* **PROVIDED MATERIAL**
━━━

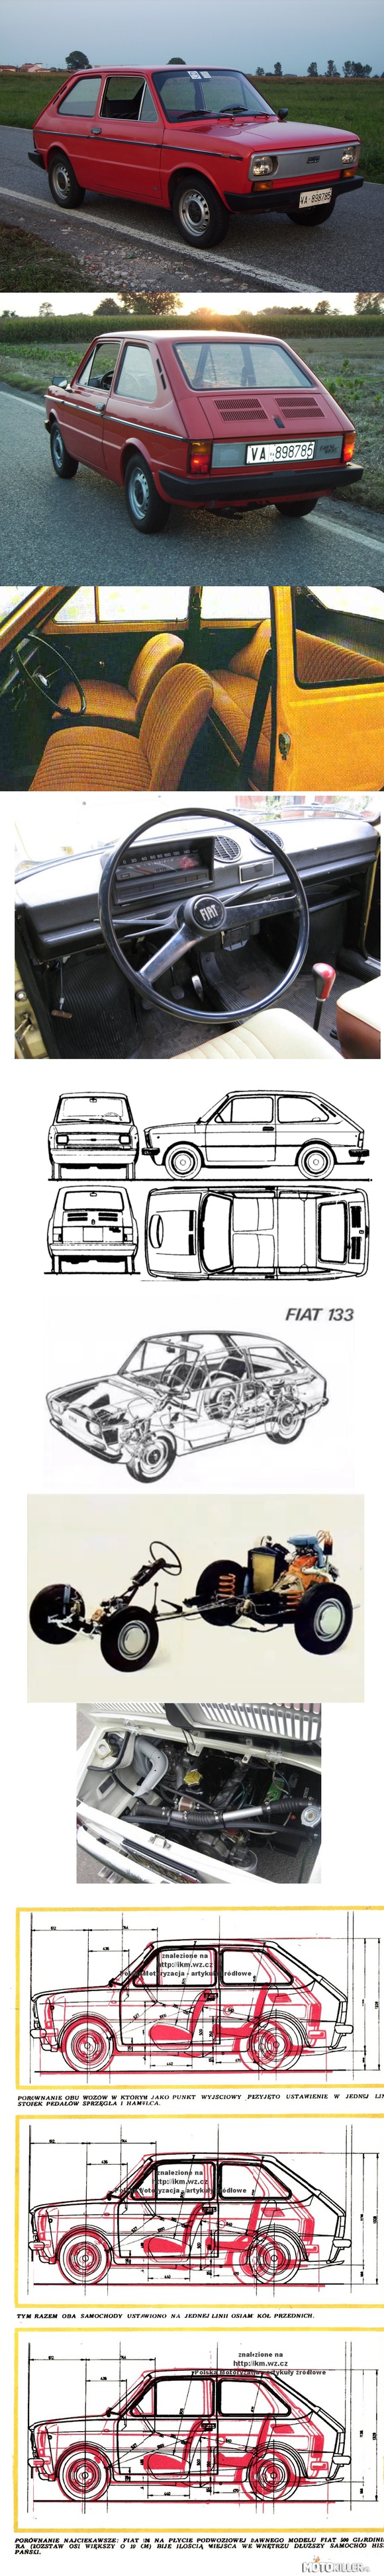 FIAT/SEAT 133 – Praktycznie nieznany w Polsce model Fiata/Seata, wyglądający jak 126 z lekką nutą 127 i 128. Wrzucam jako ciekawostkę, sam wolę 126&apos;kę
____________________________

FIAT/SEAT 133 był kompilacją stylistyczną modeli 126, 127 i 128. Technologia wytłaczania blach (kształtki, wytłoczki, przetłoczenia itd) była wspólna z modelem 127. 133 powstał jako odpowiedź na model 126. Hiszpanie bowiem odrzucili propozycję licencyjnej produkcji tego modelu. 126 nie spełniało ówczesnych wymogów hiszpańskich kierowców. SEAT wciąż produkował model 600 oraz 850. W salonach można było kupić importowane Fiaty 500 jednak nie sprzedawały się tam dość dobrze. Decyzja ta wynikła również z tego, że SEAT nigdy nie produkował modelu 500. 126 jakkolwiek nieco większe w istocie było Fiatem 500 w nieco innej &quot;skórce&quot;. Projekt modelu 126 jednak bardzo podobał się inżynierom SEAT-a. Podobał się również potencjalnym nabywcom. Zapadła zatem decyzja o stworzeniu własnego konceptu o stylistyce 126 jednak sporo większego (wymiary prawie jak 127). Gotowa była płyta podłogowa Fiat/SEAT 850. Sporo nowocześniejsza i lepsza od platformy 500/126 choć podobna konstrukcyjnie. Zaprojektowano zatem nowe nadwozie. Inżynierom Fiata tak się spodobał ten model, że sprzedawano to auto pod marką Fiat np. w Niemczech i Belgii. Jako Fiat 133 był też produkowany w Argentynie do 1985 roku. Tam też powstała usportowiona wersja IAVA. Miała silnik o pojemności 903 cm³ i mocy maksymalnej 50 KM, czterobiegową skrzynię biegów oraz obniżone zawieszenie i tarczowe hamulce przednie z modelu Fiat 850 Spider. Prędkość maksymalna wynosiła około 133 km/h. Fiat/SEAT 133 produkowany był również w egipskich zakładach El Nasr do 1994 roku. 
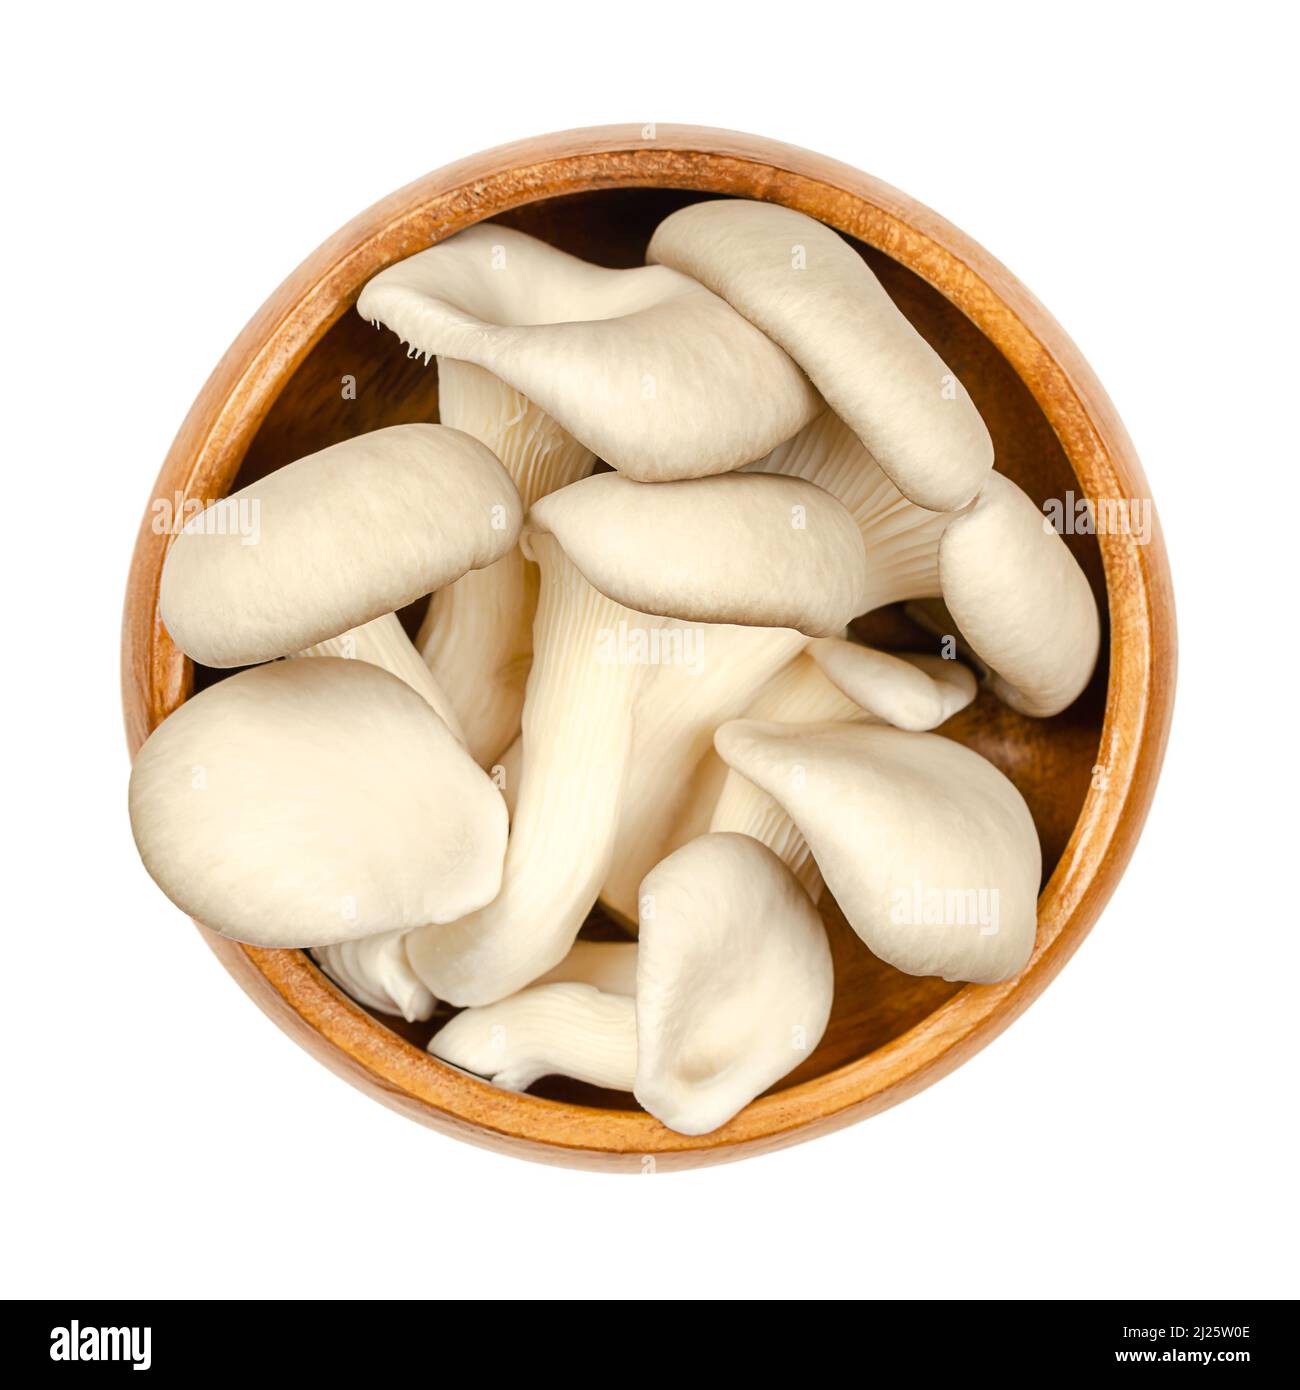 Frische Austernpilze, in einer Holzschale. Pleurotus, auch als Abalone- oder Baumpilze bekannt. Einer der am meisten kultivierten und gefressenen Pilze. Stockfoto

━━━

* **REQUIREMENT**
Take the listing above and restate it word for word, without its pictures.

* **RESPONSE TO THIS EXERCISE**
 FIAT/SEAT 133 – Praktycznie nieznany w Polsce model Fiata/Seata, wyglądający jak 126 z lekką nutą 127 i 128. Wrzucam jako ciekawostkę, sam wolę 126&apos;kę
____________________________

FIAT/SEAT 133 był kompilacją stylistyczną modeli 126, 127 i 128. Technologia wytłaczania blach (kształtki, wytłoczki, przetłoczenia itd) była wspólna z modelem 127. 133 powstał jako odpowiedź na model 126. Hiszpanie bowiem odrzucili propozycję licencyjnej produkcji tego modelu. 126 nie spełniało ówczesnych wymogów hiszpańskich kierowców. SEAT wciąż produkował model 600 oraz 850. W salonach można było kupić importowane Fiaty 500 jednak nie sprzedawały się tam dość dobrze. Decyzja ta wynikła również z tego, że SEAT nigdy nie produkował modelu 500. 126 jakkolwiek nieco większe w istocie było Fiatem 500 w nieco innej &quot;skórce&quot;. Projekt modelu 126 jednak bardzo podobał się inżynierom SEAT-a. Podobał się również potencjalnym nabywcom. Zapadła zatem decyzja o stworzeniu własnego konceptu o stylistyce 126 jednak sporo większego (wymiary prawie jak 127). Gotowa była płyta podłogowa Fiat/SEAT 850. Sporo nowocześniejsza i lepsza od platformy 500/126 choć podobna konstrukcyjnie. Zaprojektowano zatem nowe nadwozie. Inżynierom Fiata tak się spodobał ten model, że sprzedawano to auto pod marką Fiat np. w Niemczech i Belgii. Jako Fiat 133 był też produkowany w Argentynie do 1985 roku. Tam też powstała usportowiona wersja IAVA. Miała silnik o pojemności 903 cm³ i mocy maksymalnej 50 KM, czterobiegową skrzynię biegów oraz obniżone zawieszenie i tarczowe hamulce przednie z modelu Fiat 850 Spider. Prędkość maksymalna wynosiła około 133 km/h. Fiat/SEAT 133 produkowany był również w egipskich zakładach El Nasr do 1994 roku. 
 Frische Austernpilze, in einer Holzschale. Pleurotus, auch als Abalone- oder Baumpilze bekannt. Einer der am meisten kultivierten und gefressenen Pilze. Stockfoto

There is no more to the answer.